About a decade ago, Audrey Bond had an idea, or rather, a need: a secure system for caregivers who need to organize medical, financial, and personal documents, and one that would allow her to share those documents safely and easily. At the time it was personal, informed and inspired by her own struggles to share her daughter’s health documents with an ex-partner with whom, at the time, the level of communication was not great.
“I wanted a centralized location to store (the documents) and share it with him,” Bond says. “I looked around, and almost all my friends were having the same problem.”
Ten years later, the final product — an app called Vaultt — is launching in earnest this week, after a lengthy beta testing period and a decade of refining the idea.
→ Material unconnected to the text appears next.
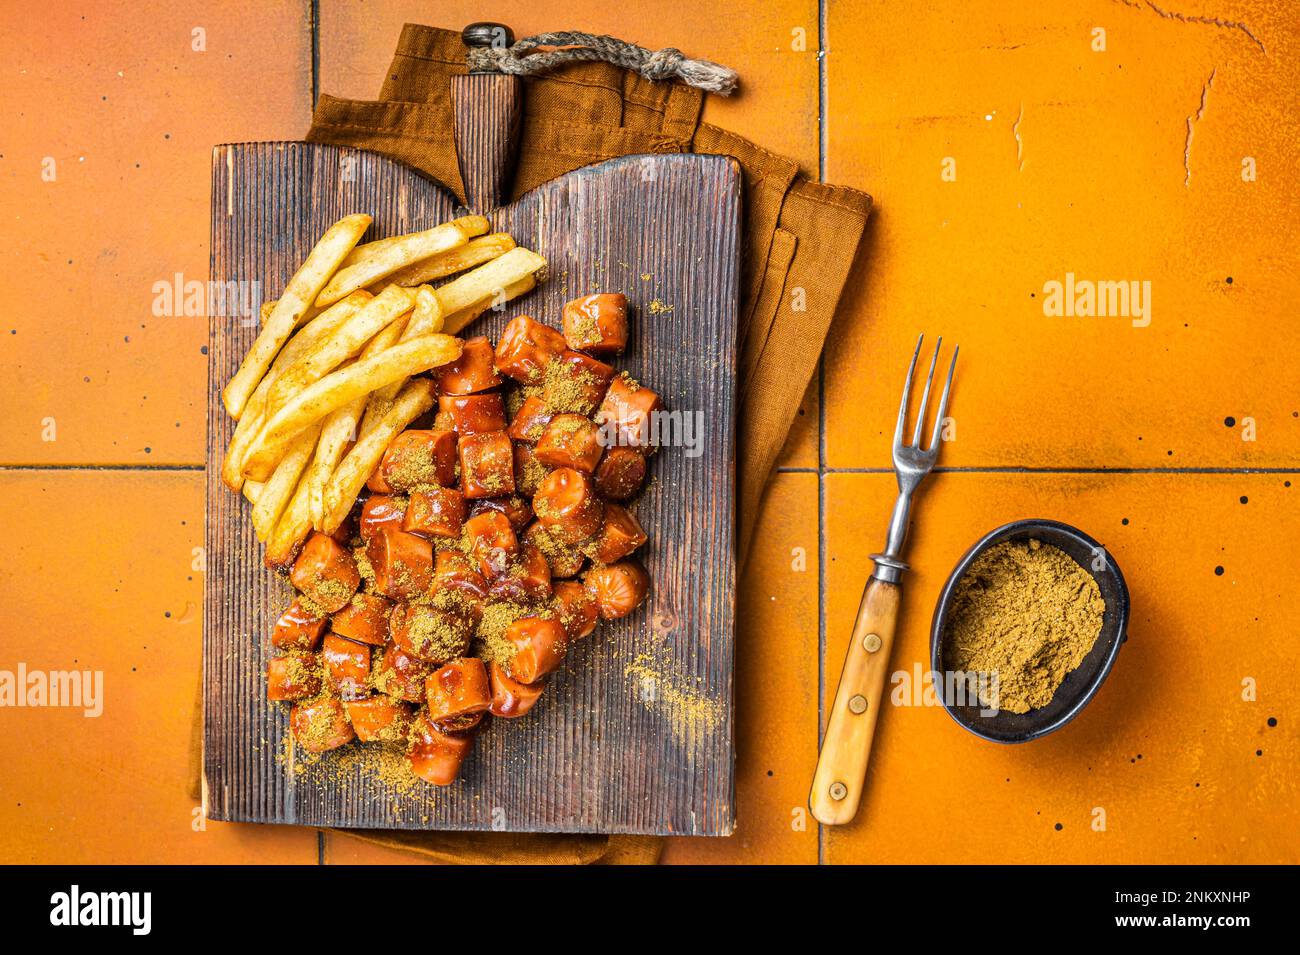 Repas currywurst à la saucisse au curry, curry wurst avec friture française servi sur une planche de bois. Arrière-plan orange. Vue de dessus. Banque D'Images

“This was too big a thing to just pluck away at,” Bond, Vaultt’s CEO and founder says, discussing her first kick at developing the app. “I walked away from it then — but I did start!”
A few years ago, Bond ran into one of the developers she had consulted earlier, who asked what had ever happened with that idea. By that point, Bond was a card-carrying member of the ‘sandwich generation’ — adults caring for their children on the one end, and acting as caregivers to their aging parents on the other.
“I remember saying to myself how badly I wanted Vaultt at that point,” she says. And she realized, talking to the developer, that the opportunity she had dropped a decade ago was still there for the taking; the need had not been filled. If anything, it had grown. “If I didn’t follow through and build this,” she says, “I would regret it for the rest of my life.” And so it became time to, as she puts it now, burn the boats, burn the bridges, and jump headfirst into developing Vaultt.
At the heart of the app is a simple question: “what’s the point of having such an important document if you can’t access it?” It proved to be a vexing problem, one that got more complicated as you kept working on it. Simple file-sharing apps, like Dropbox or Google Drive, lacked the kind of security that official documents required; other medical-information apps weren’t collaborative, and she couldn’t easily share the documents with other family members or professionals. Vaultt, on the other hand, built in both, with end-to-end encryption — “something we’ve built in that you aren’t seeing with a lot of the competition,” Bond says. (Bond calls Vaultt “not an inexpensive app to build,” but notes that they did build it entirely locally, something that was important to them.)
The app’s release comes at a time when the work — and the challenges — of caregivers are driving conversations, both before COVID and in its wake. “More people are aging in place,” Bond points out, and women are often waiting longer to start families. The sandwich generation that Bond talks about (and identifies as) are caught between these two trends, in many cases becoming doubly responsible for the health care of loved ones. She envisions Vaultt as a kind of counterbalance to the stress that can cause — one less thing to think about, when you’re constantly thinking about your caregiving responsibilities.
“When you’re overwhelmed with responsibility, it very easy to forget things,” she says. “It’s built to help families and caregivers communicate, and alleviate stress — because there is a heck of a lot of it when you’re caregiving.”
The app will launch with a subscription plan, a business model that helps the app be sustainable. Vaultt is already partnering with the Canadian Forces to help facilitate communication between active duty members and their families, and they are hoping that the launch leads to more partnerships down the road. The app will be available on both the Apple App Store and Google Play Store in the near future, with a discounted subscription price available to early members.
From there, the hope is that the service will help make it clear how important it can be to empower caregivers with access to their own information and data. Whether that’s caregivers of children who need referral forms to try and find a good fit specialist, or someone taking care of a parent who may be transitioning into assisted living — Bond’s belief is that by giving caregivers that control, that the care will get better and become more personalized.
“Our goal, our vision, it to one day have this supported in a lot of long-term care homes,” Bond says. “It’s the perfect tool for caregivers.”